TABLE 1.
Synthetic interaction results
| ORF | Gene name |
Functiona | SI with pds1Δb |
SI with mad2c,d |
SI with rad9Δc,e |
SI with mrc1Δc,f |
Rescue of SI with pds1Δ by 2μESP1g |
|---|---|---|---|---|---|---|---|
| Microtubule dynamics | |||||||
| YMR198W | CIK1 | Kar3 kinesin-binding protein | Lethal | Lethal | None | Sick | No |
| YOR349W | CIN1 | Tubulin-folding chaperone | Lethal | Lethal | None | None | No |
| YPL241C | CIN2 | Tubulin-folding chaperone | Lethal | None | None | None | No |
| YEL061C | CIN8 | Spindle-associated kinesin | Lethal | Lethal | None | None | No |
| YML094W | GIM5 | Tubulin folding | Lethal | Sick | None | None | No |
| Chromosome segregation | |||||||
| YPL008W | CHL1 | Helicase, sister chromatid cohesion | Sick | None | None | None | No |
| YPR135W | CTF4 | Associated with DNA polα | Sick | None | None | Lethal | No |
| YRM078C | CTF18 | Alternative RF-C subunit | Lethal | None | None | None | No |
| YPL018W | CTF19 | Kinetochore protein | Lethal | Lethal | None | None | No |
| YCL016C | DCC1 | Alternative RF-C subunit | Lethal | None | None | None | No |
| YOR195W | SLK19 | Kinetochore and spindle associated | Lethal | None | None | None | No |
| Cell cycle | |||||||
| YPR119W | CLB2 | Mitotic cyclin | Sick | None | None | None | No |
| YCR065W | HCM1 | Transcription factor | Sick | Sick | None | None | No |
| Heat Shock | |||||||
| YMR186W | HSC82 | Hsp90-type chaperone/heat shock | Sick | None | None | None | Yes |
| YOR027W | STI1 | Hsp90 cochaperone | Sick | None | None | None | Yes |
| YPL106C | SSE1 | Hsp70-type chaperone/heat shock | Lethal | None | None | None | No |
| Unknown function | |||||||
| YOR080W | DIA2 | F-box protein | Lethal | None | Lethal | None | No |
| YLR204W | QRI5 | Unknown | Sick | None | None | None | No |
| YNL081C | SWS2 | Unknown | Sick | None | None | None | No |
| YIL040W | APQ12 | Unknown | Lethal | Lethal | None | None | No |
| YDR200C | VPS64 | Mating-pheromone response | Sick | Lethal | None | None | No |
SI, synthetic interaction.
Function is based on the gene ontology annotation of the Saccharomyces cerevisiae database (http://www.yeastgenome.org/) and references therein.

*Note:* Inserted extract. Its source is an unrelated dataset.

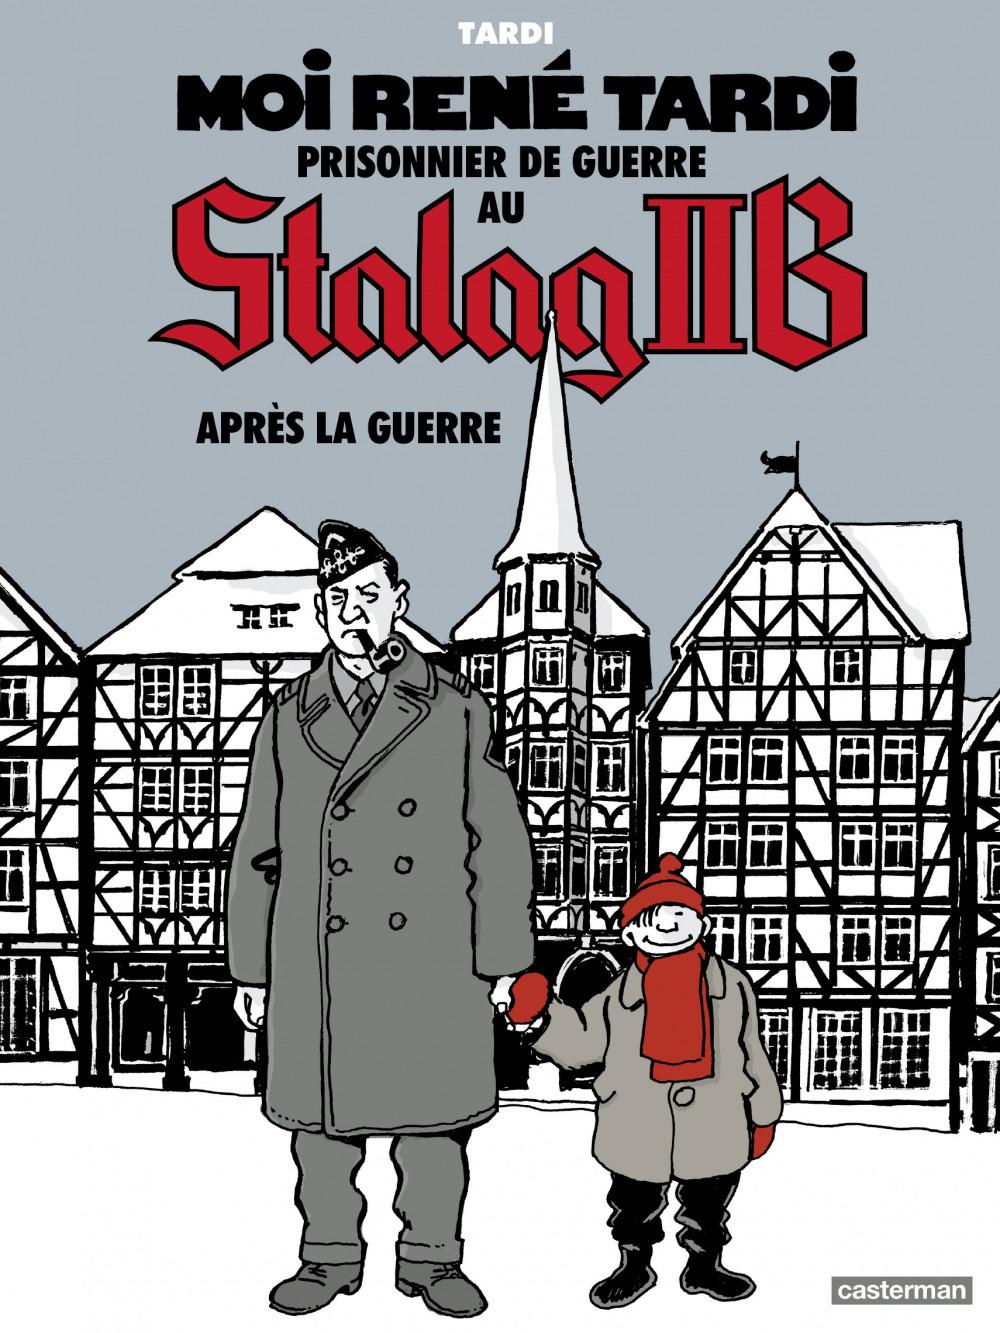 Stalag IIB: Après la guerre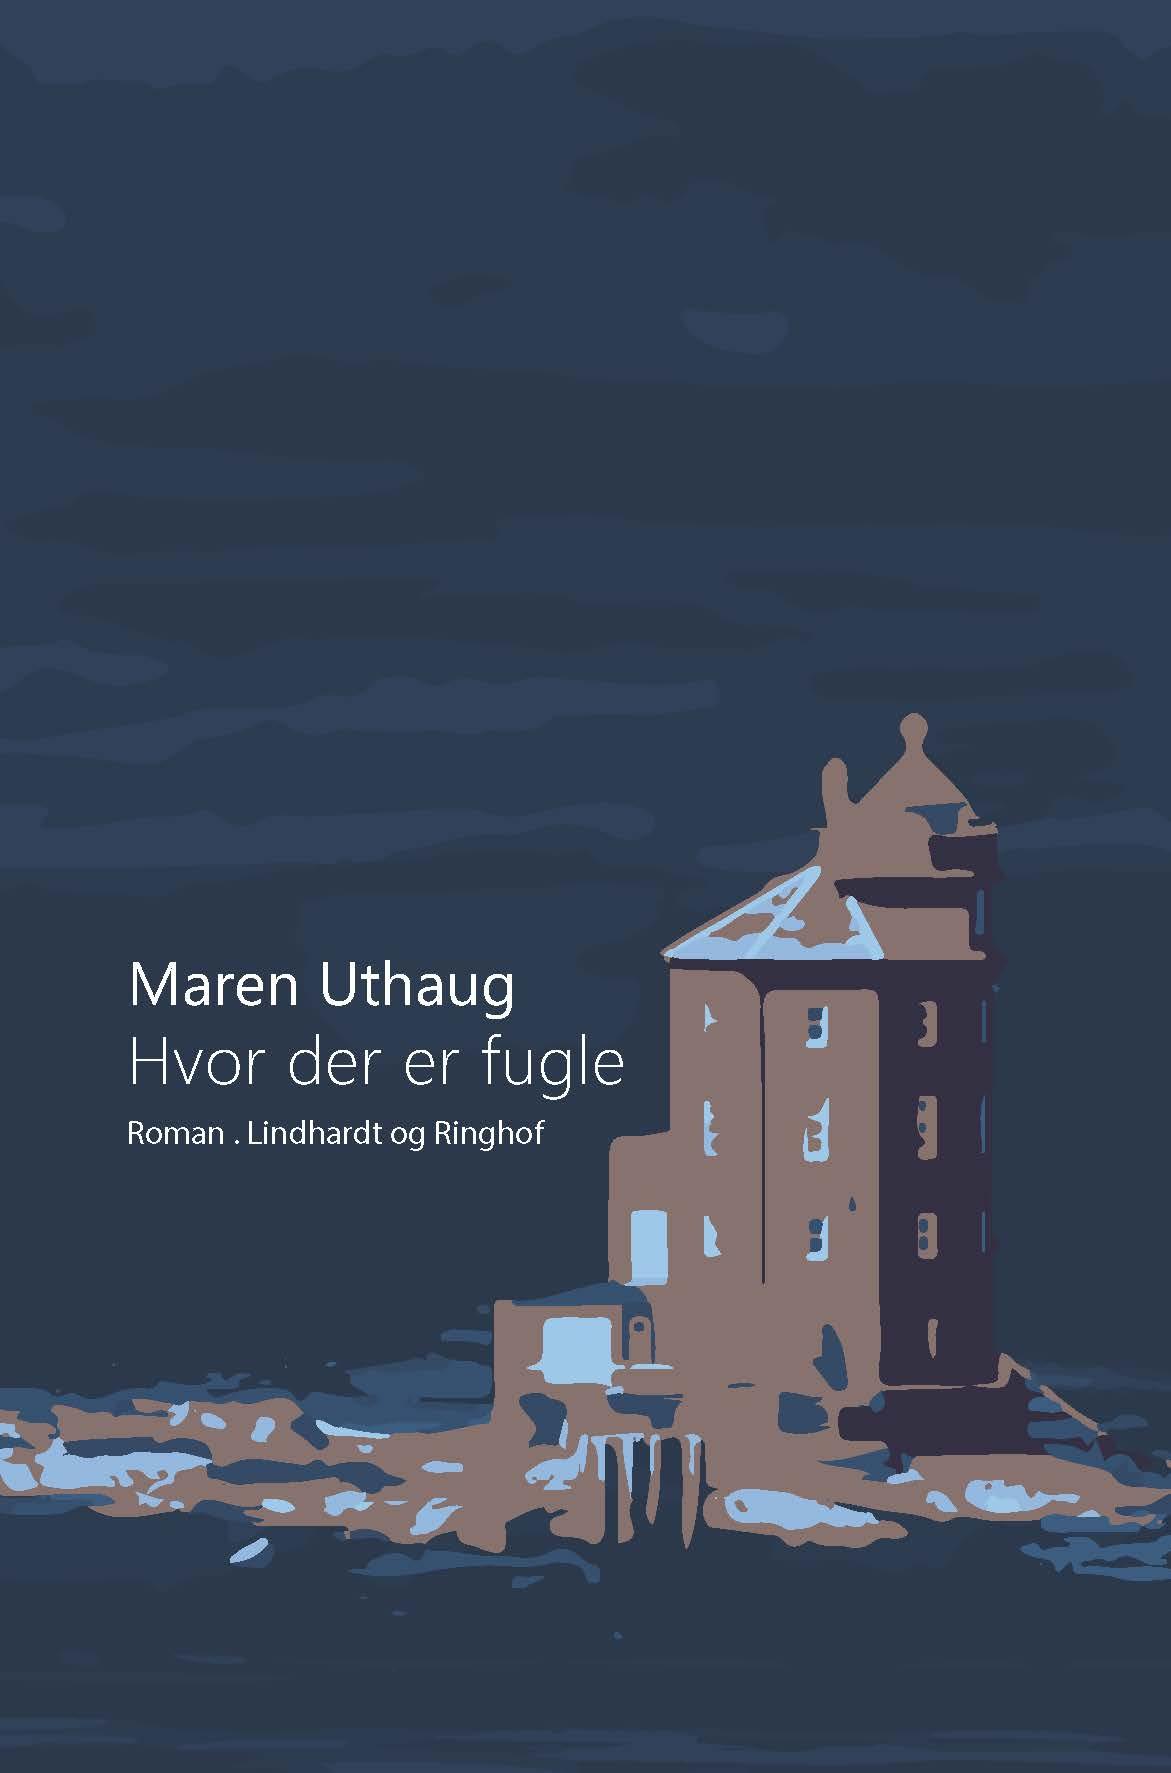 maren-uthaug

pds1Δ strain used was described in legend to Figure 2.
Crosses to mad2Δ, rad9Δ, and mrc1Δ strains were done with single mutants (genenΔ) that came out of the tetrad analysis done in the cross with pds1Δ.

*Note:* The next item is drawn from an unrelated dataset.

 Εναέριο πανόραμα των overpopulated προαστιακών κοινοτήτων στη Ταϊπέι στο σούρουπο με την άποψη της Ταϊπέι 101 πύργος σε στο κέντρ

Deletion of the MAD2 gene results in the inactivation of the spindle checkpoint pathway. The mad2Δ strain used was MATα can1Δ leu2Δ his3Δ lys2Δ ura3Δ mfa1Δ::MFApr-HIS3 mad2::NAT[pRL18] (pRL18: CEN URA3 MAD2 plasmid). Strain and plasmid were a gift from Dan Burke (University of Virginia).

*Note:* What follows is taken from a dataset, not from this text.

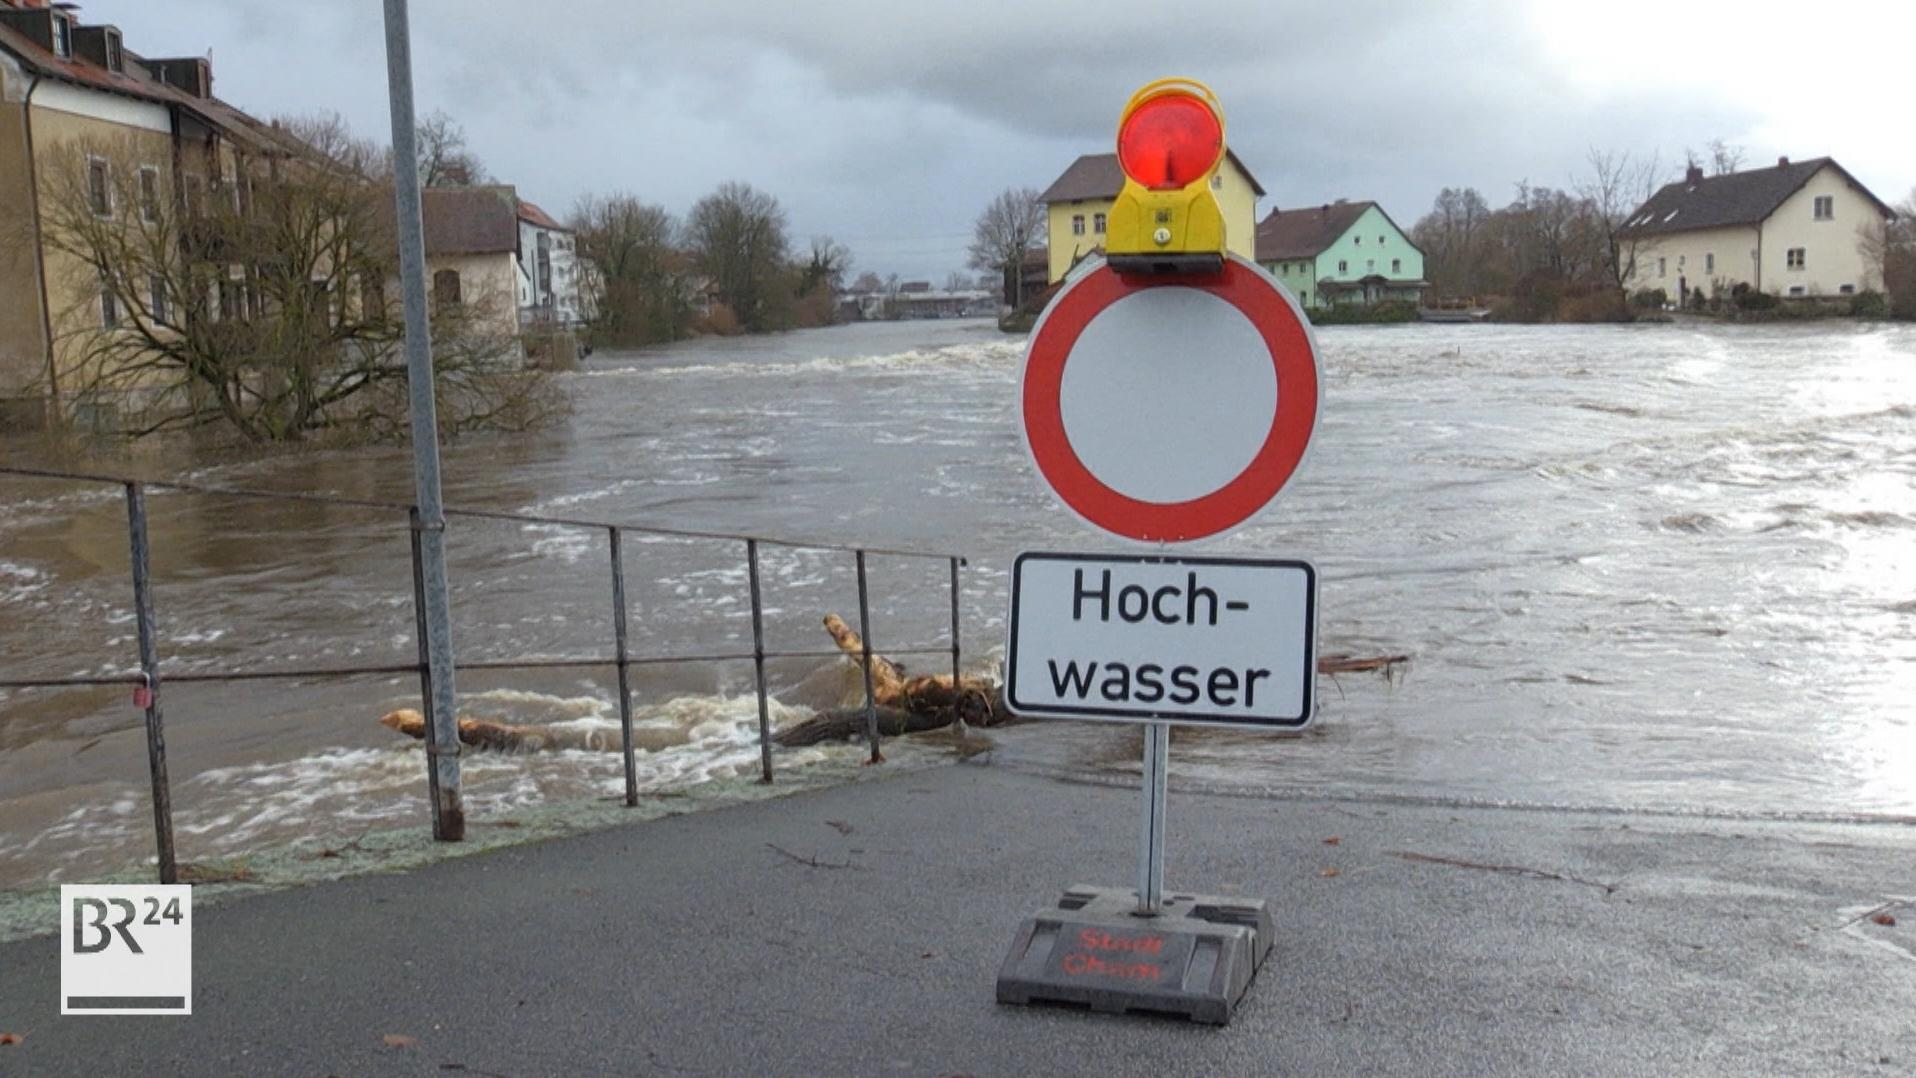 Hochwasser am 24.12.2018 in Cham.

Deletion of the RAD9 gene results in the inactivation of the DNA damage checkpoint pathway. The rad9Δ strain used was MATa ura3Δ leu2Δ his3Δ met15Δ rad9::NAT [pRAD9] (pRAD9: CEN URA3 RAD9 plasmid). pRAD9 was a gift from Steve Elledge (Harvard Medical School).
Deletion of the MRC1 gene results in the inactivation of the DNA replication checkpoint pathway. The mrc1Δ strain used was MATa ura3Δ leu2Δ his3Δ met15Δ mrc1::NAT [pMRC1] (pMRC1: CEN URA3 MRC1 plasmid). pMRC1 was a gift from Steve Elledge (Harvard Medical School).
Plasmid 2μESP1 is a pRS426 (2μURA3)-based plasmid encoding for ESP1 in which the URA3 gene was substituted for LYS2 by PCR-mediated recombination. This plasmid was transformed into pds1Δ genenΔ lys2 strains carrying pPDS1 that were isolated in the original tetrad analysis.